Euclid will make a 3D map of billions of galaxies to show how the universe has expanded and its structure evolved over the past 10 billion years. Scientists will study that data to detect, for example, how light from the galaxies is distorted by gravitational effects from matter — ordinary matter and dark matter — to try and determine the distribution of dark matter.

Euclid is not alone in its quest. NASA’s Nancy Grace Roman Space Telescope, formerly the Wide-Field Infrared Survey Telescope (WFIRST), will join the hunt when it’s launched in 2027. The Roman space telescope is managed at NASA’s Goddard Space Flight Center, which developed this chart showing how Euclid and Roman complement each other.

Credit: NASA Goddard Space Flight Center.

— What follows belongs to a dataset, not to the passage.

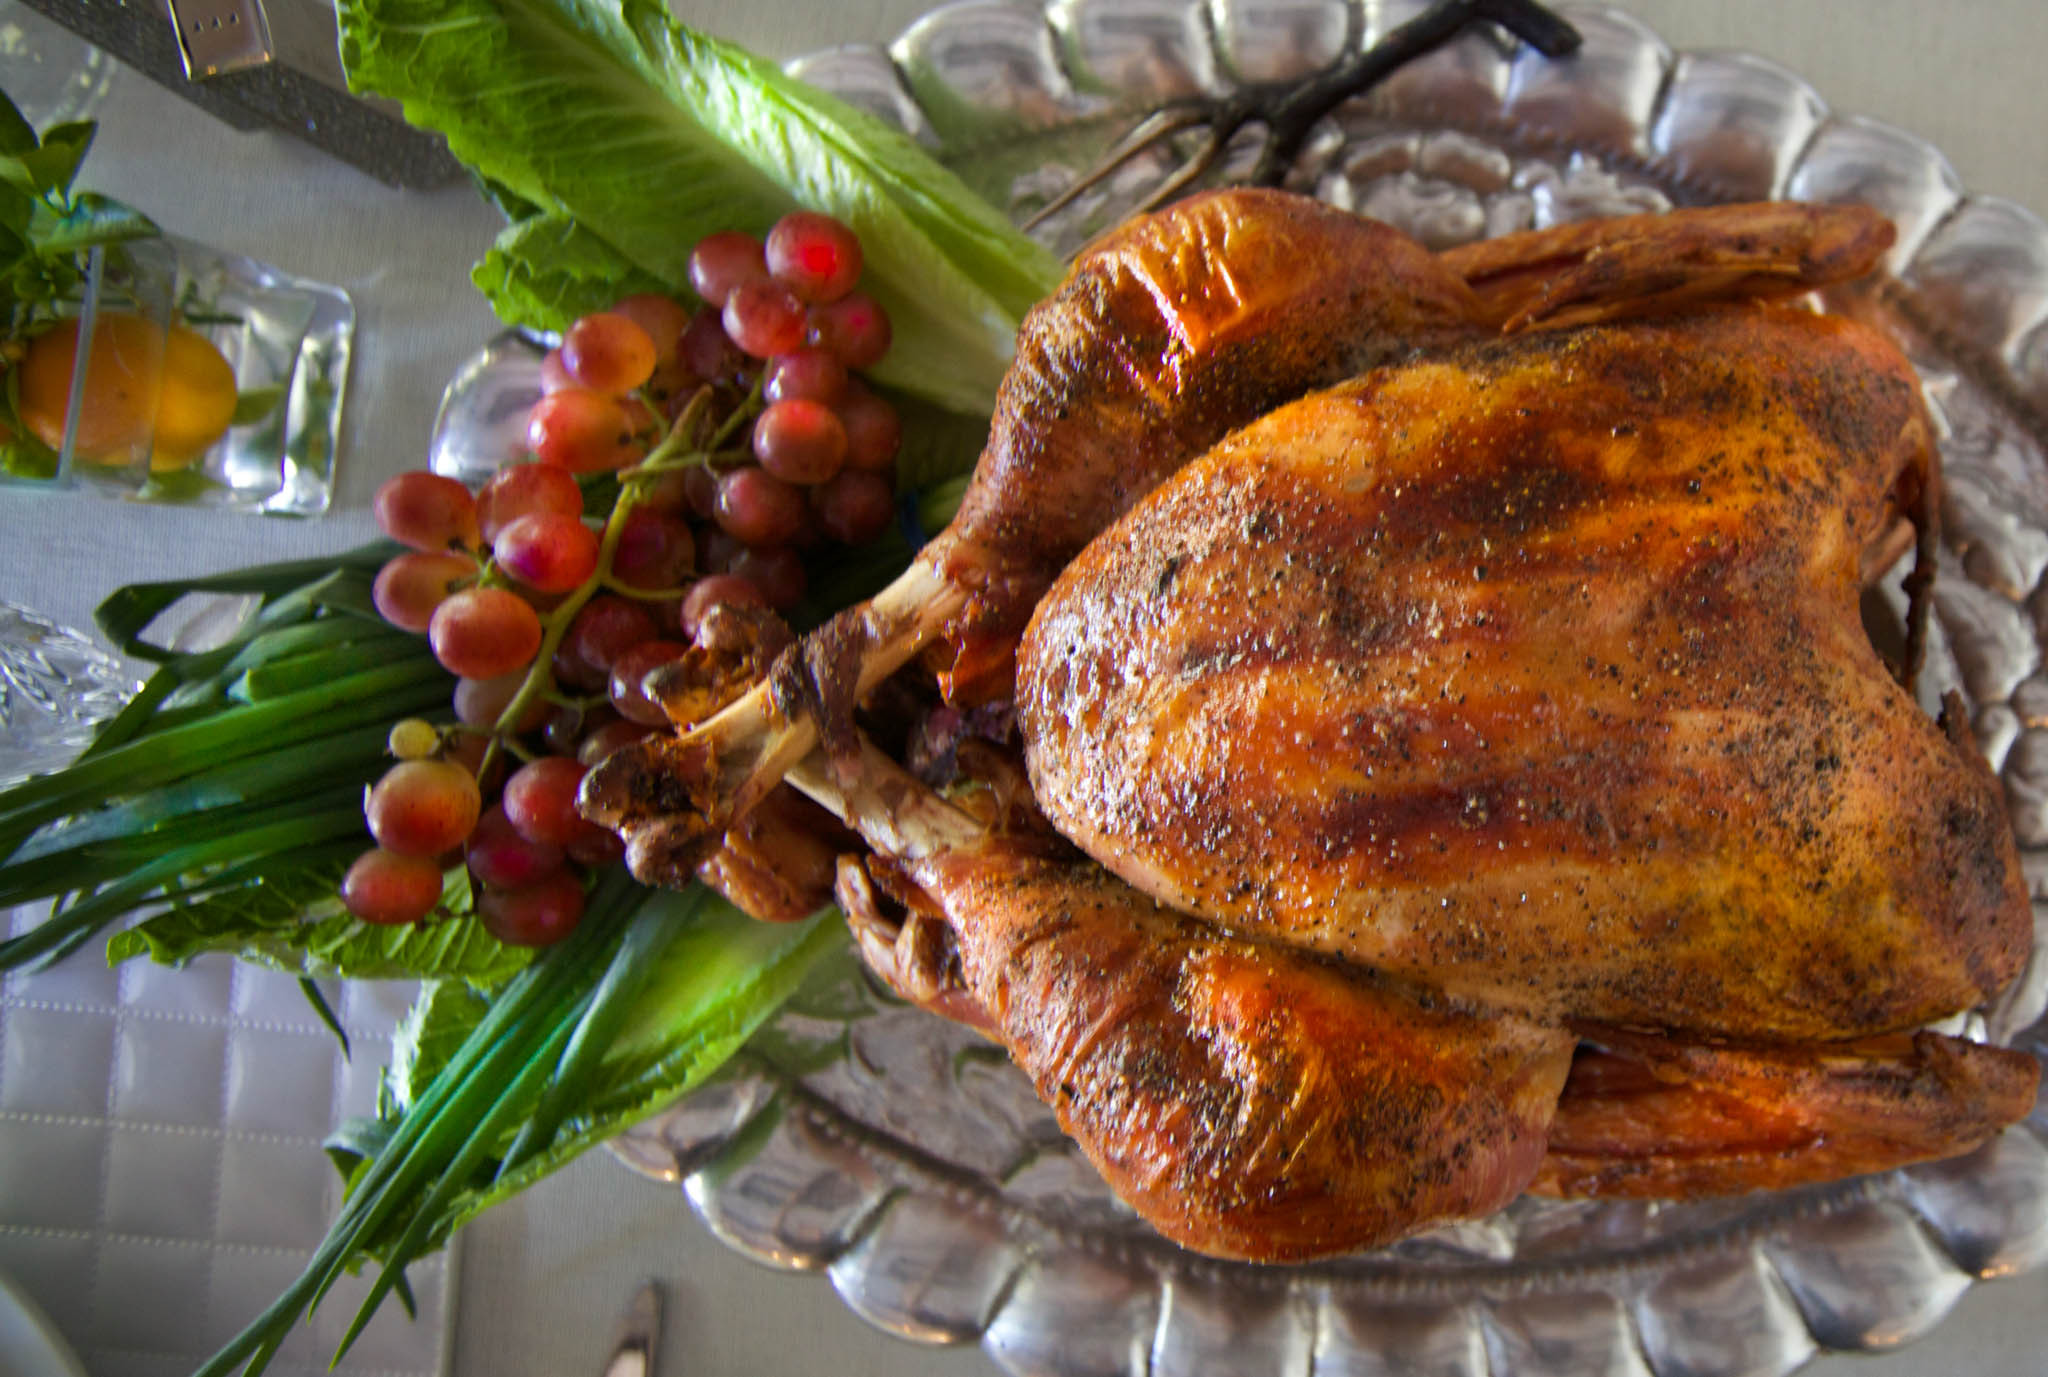 Buy A Cooked Turkey For Thanksgiving
 Cane Brined Roast Turkey is the key to moist Thanksgiving

Euclid will observe a greater swath of the universe, about one-third, in optical and infrared wavelengths back 10 billion years in time to when the universe was 3 billion years old. Roman will observe only in the infrared and one-twentieth of the sky, looking back 2 billion years, but will see much fainter galaxies.

Ground-based telescopes, especially the National Science Foundation/Department of Energy Vera C. Rubin Observatory in Chile, are also searching for answers.

Euclid is named after the ancient Greek mathematician Euclid of Alexandria, who is heralded as the Father of Geometry. ESA says it chose that name because “the density of matter and energy is linked to the geometry of the universe.”